:: INFORMATION SUPPLIED ::
<<<<

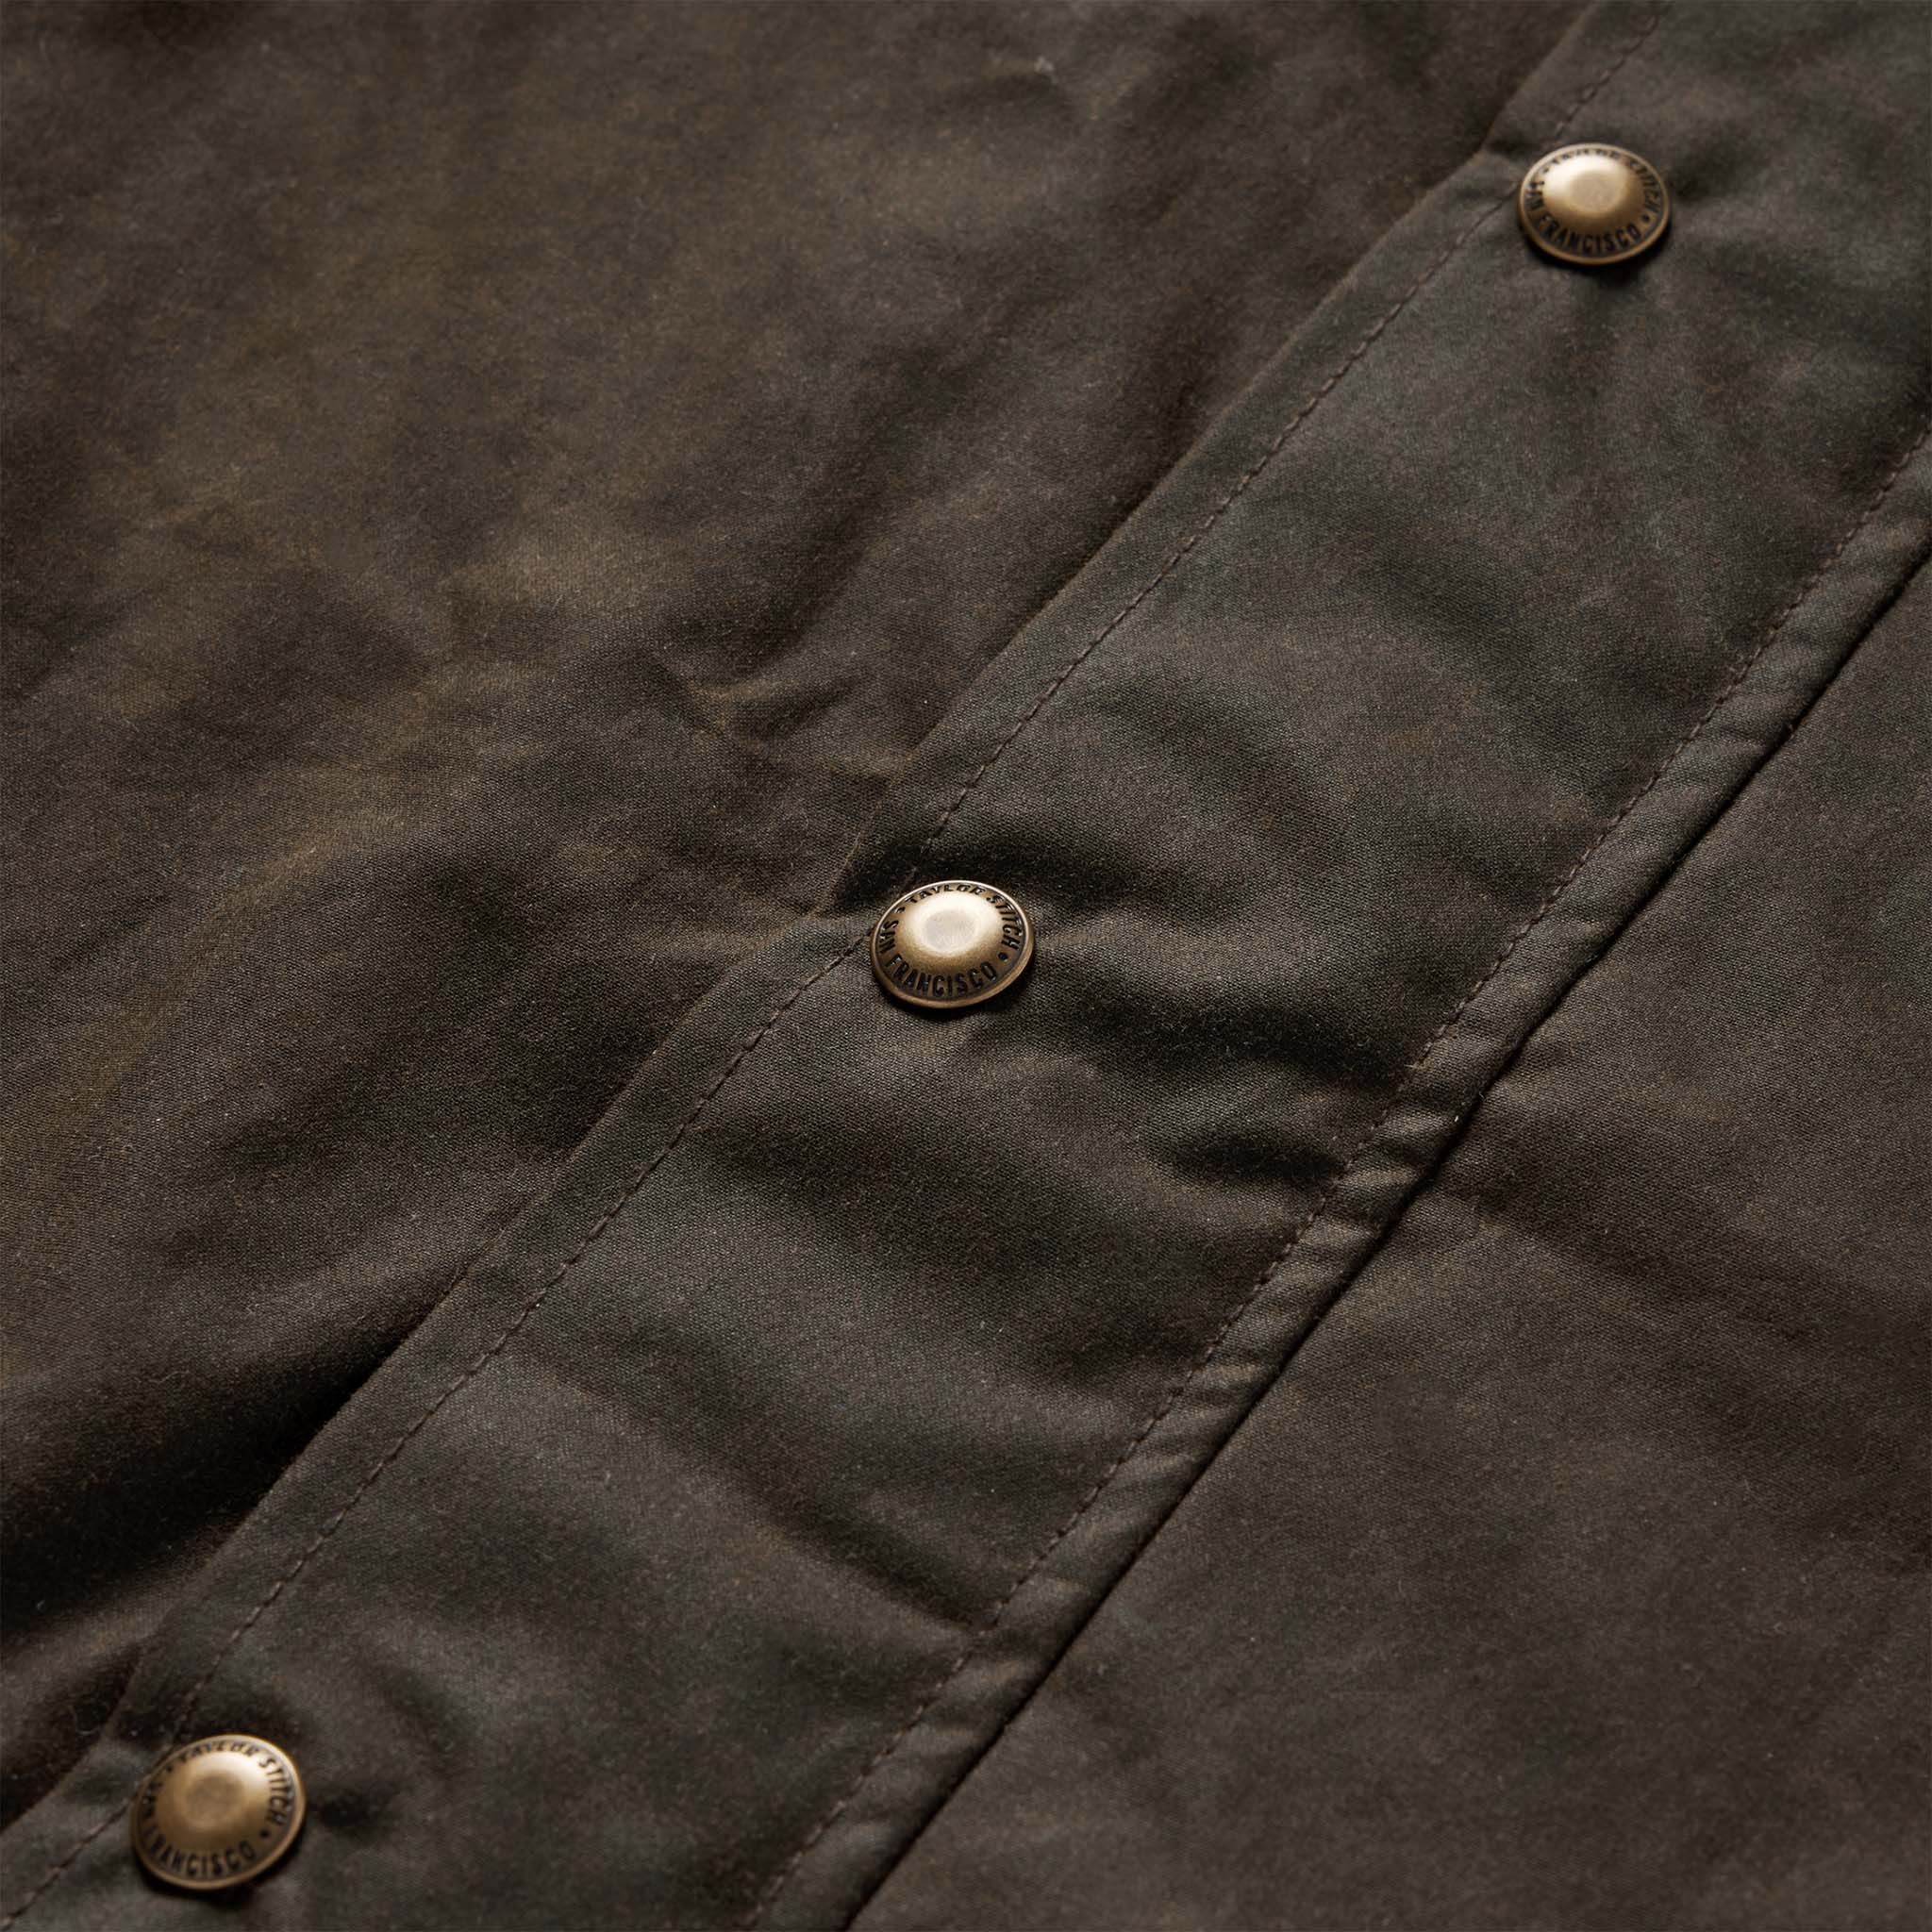 Taylor Stitch Bomber Jacket in Bark EverWax | The Coolector
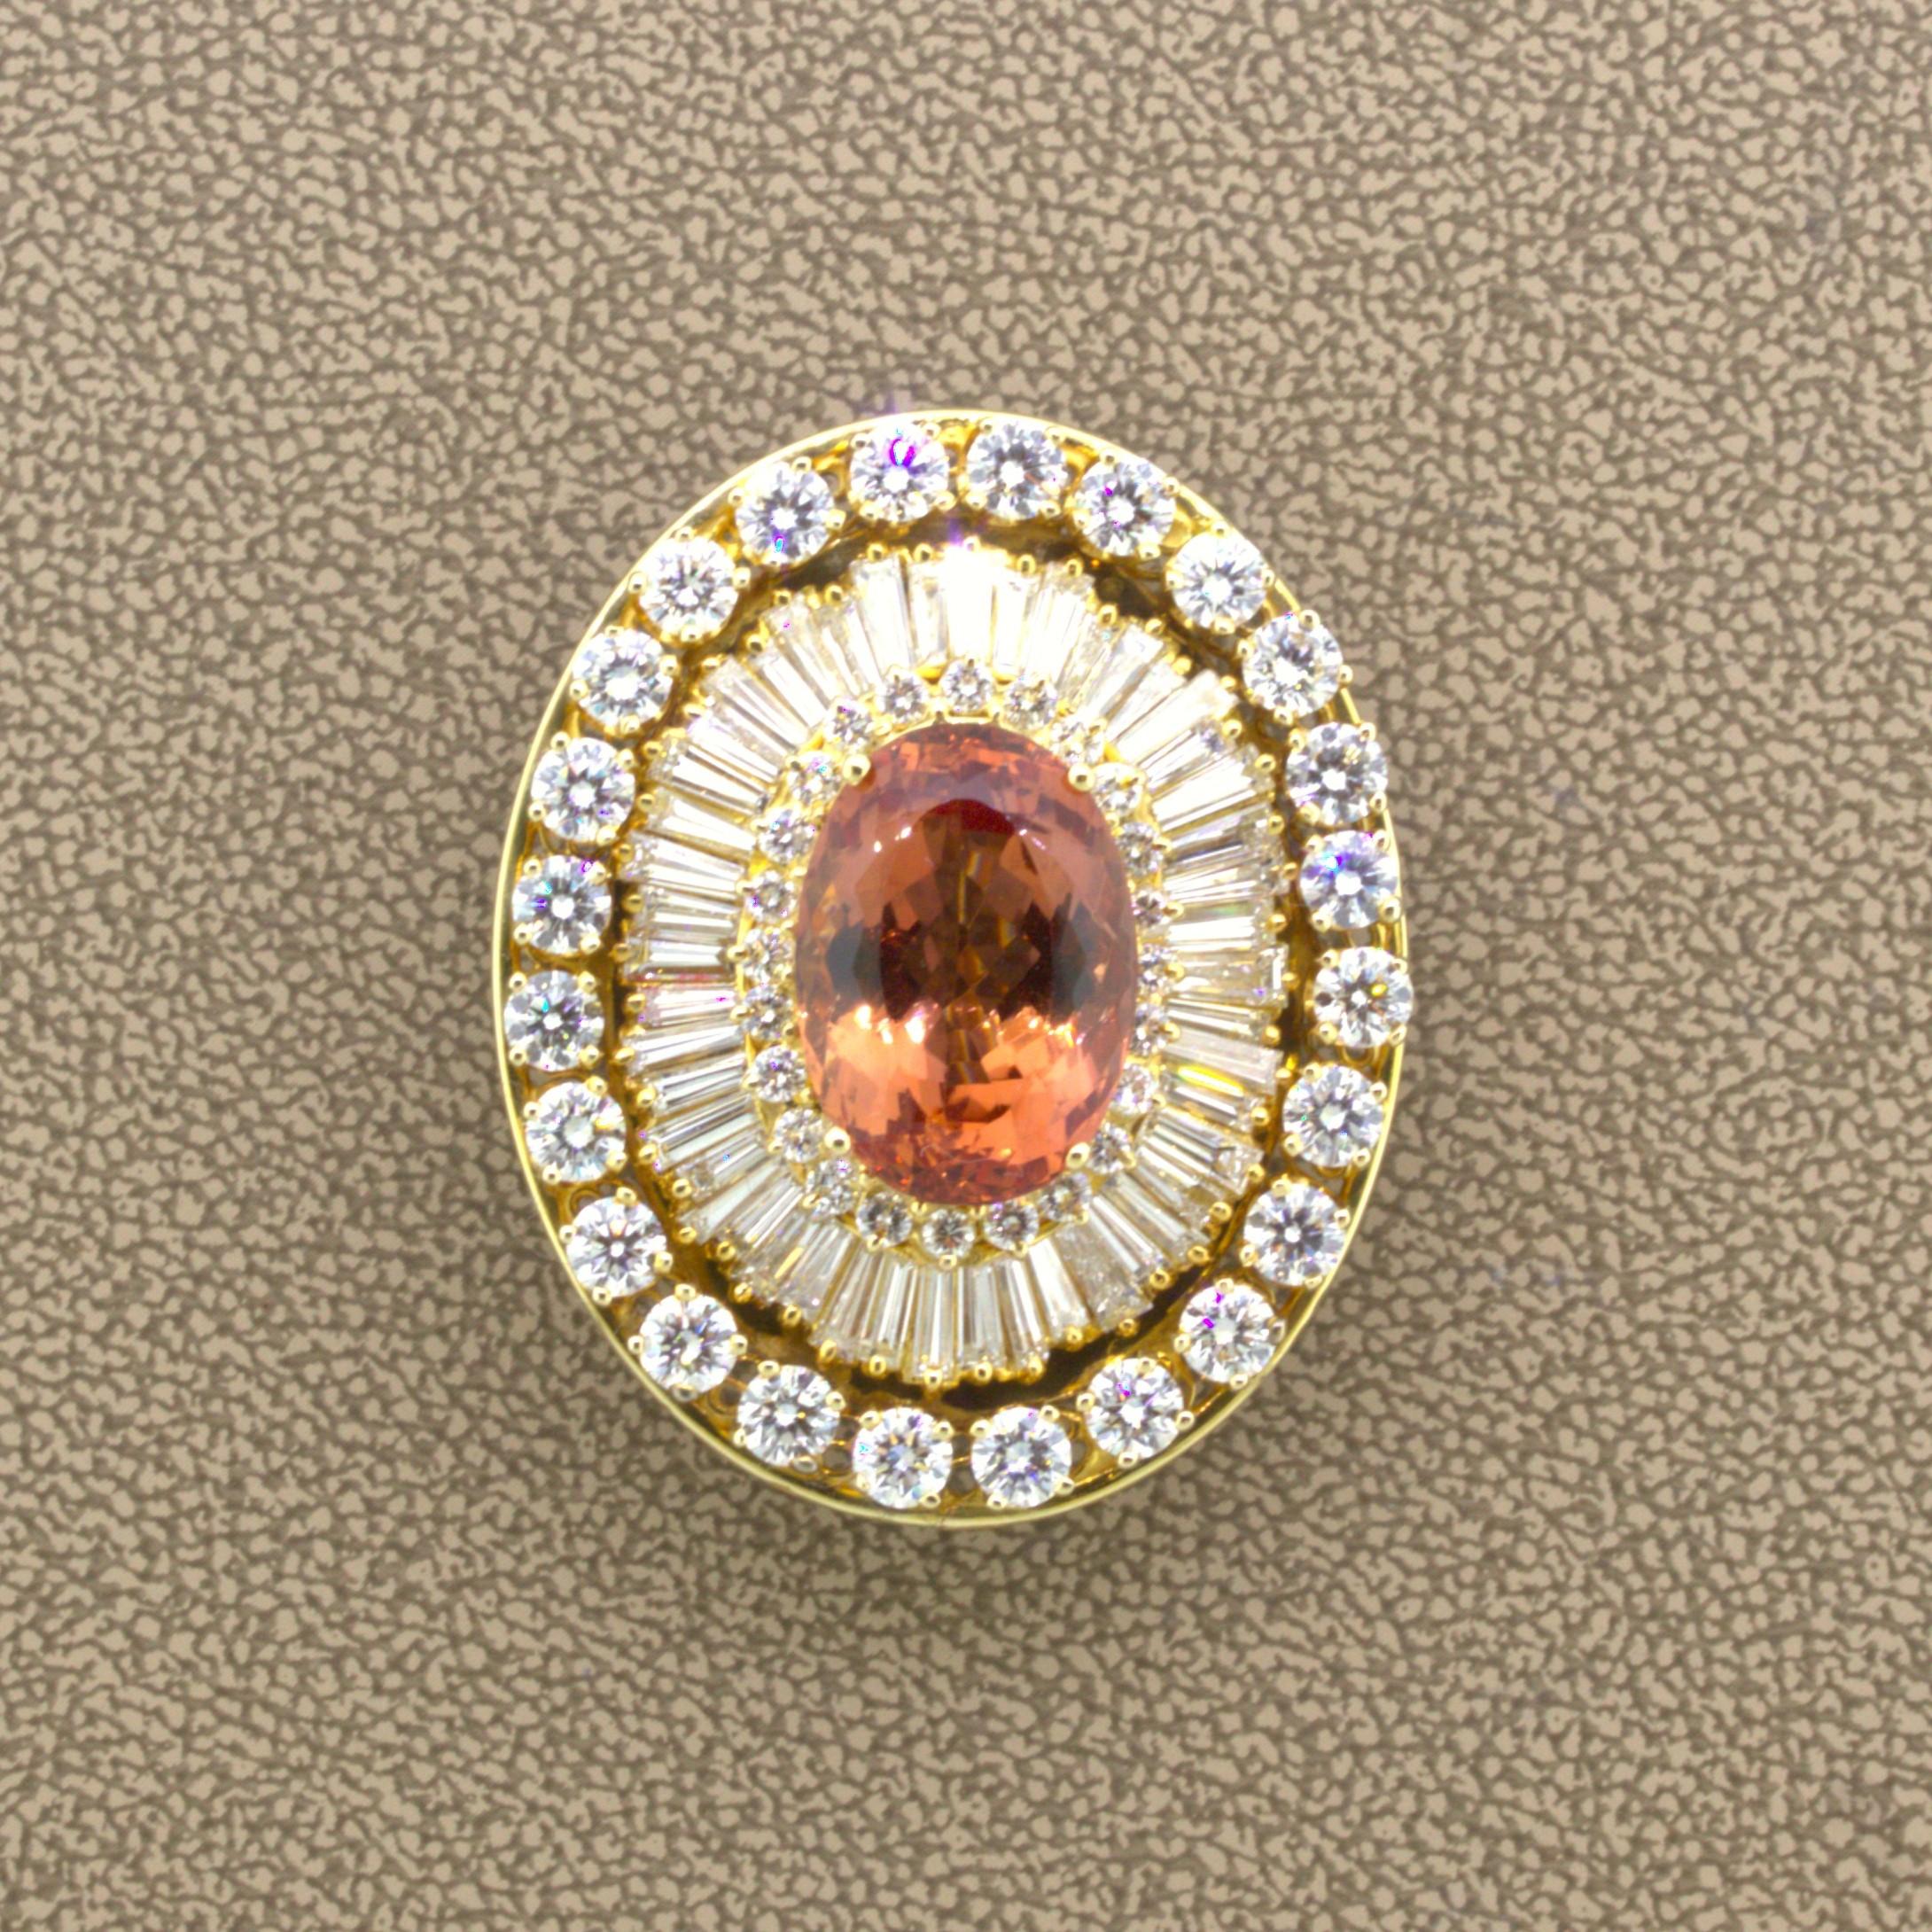 Simply stunning. A beautiful imperial topaz brooch featuring a top gem quality topaz weighing an impressive 13.27 carats. The brooch is so special that it was featured in the GIA’s quarterly magazine, “Gems and Gemology” due to its high quality and
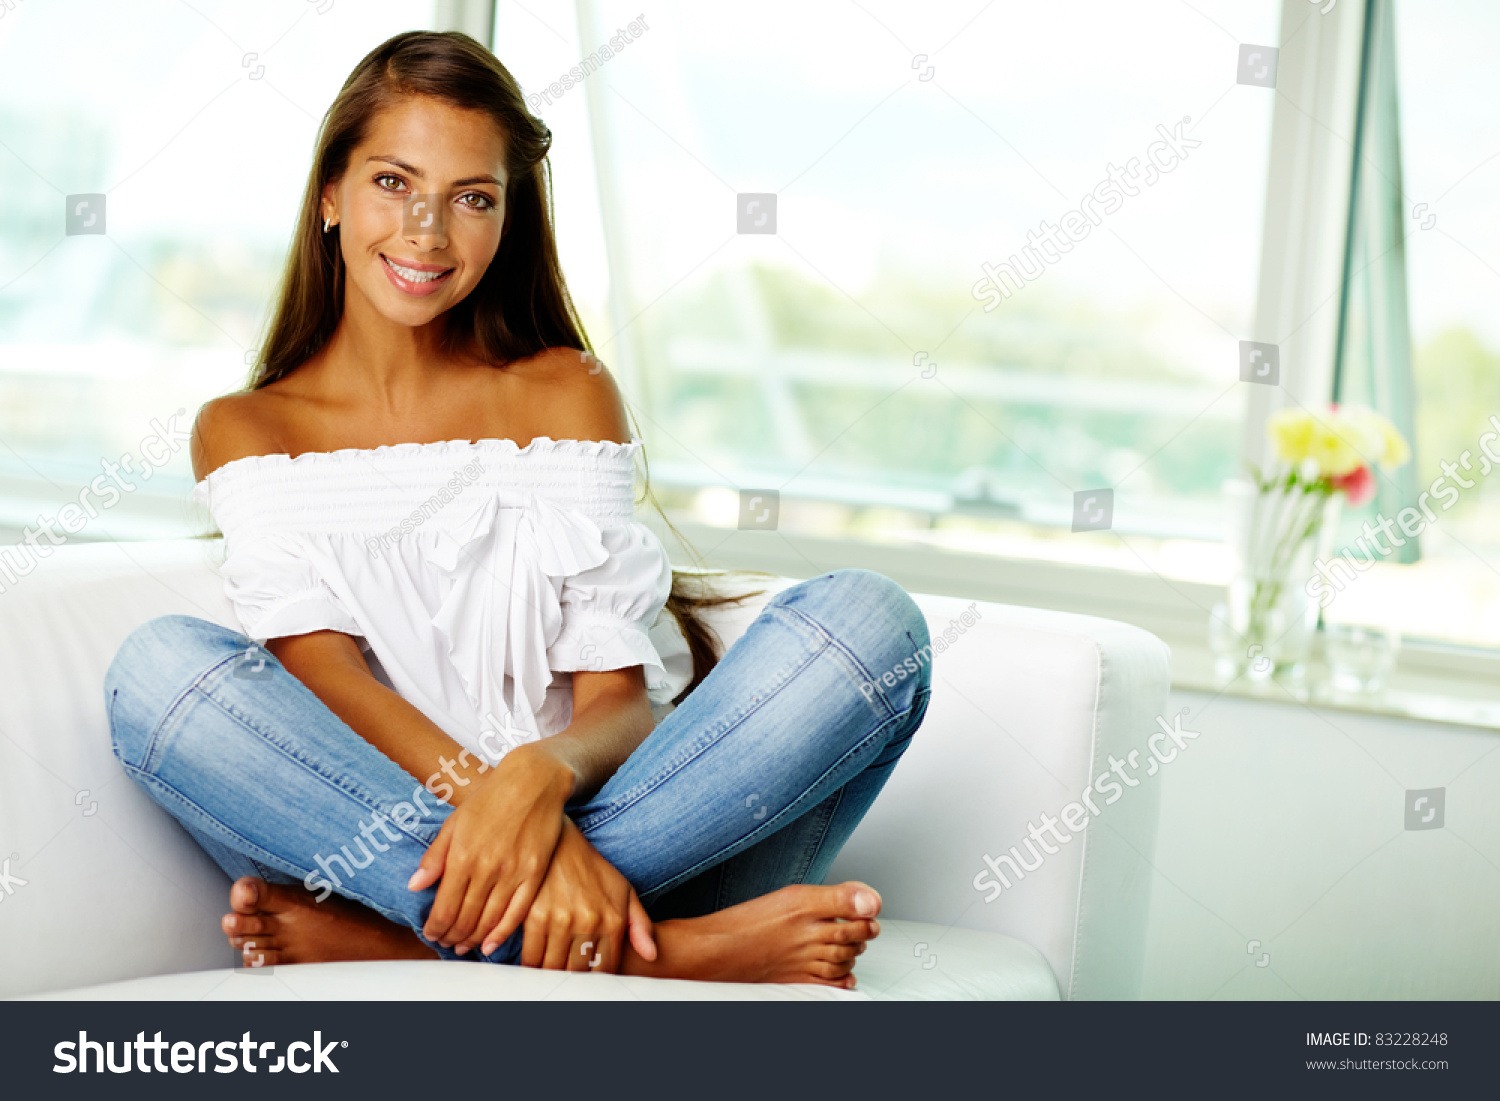 Portrait of cute brunette sitting on sofa at home #83228248

>>>>

:: TASK BRIEF ::
Reproduce the listing verbatim, and keep the pictures out of the copy.

:: OUTPUT BELOW ::
 Taylor Stitch Bomber Jacket in Bark EverWax | The Coolector
 Simply stunning. A beautiful imperial topaz brooch featuring a top gem quality topaz weighing an impressive 13.27 carats. The brooch is so special that it was featured in the GIA’s quarterly magazine, “Gems and Gemology” due to its high quality and
 Portrait of cute brunette sitting on sofa at home #83228248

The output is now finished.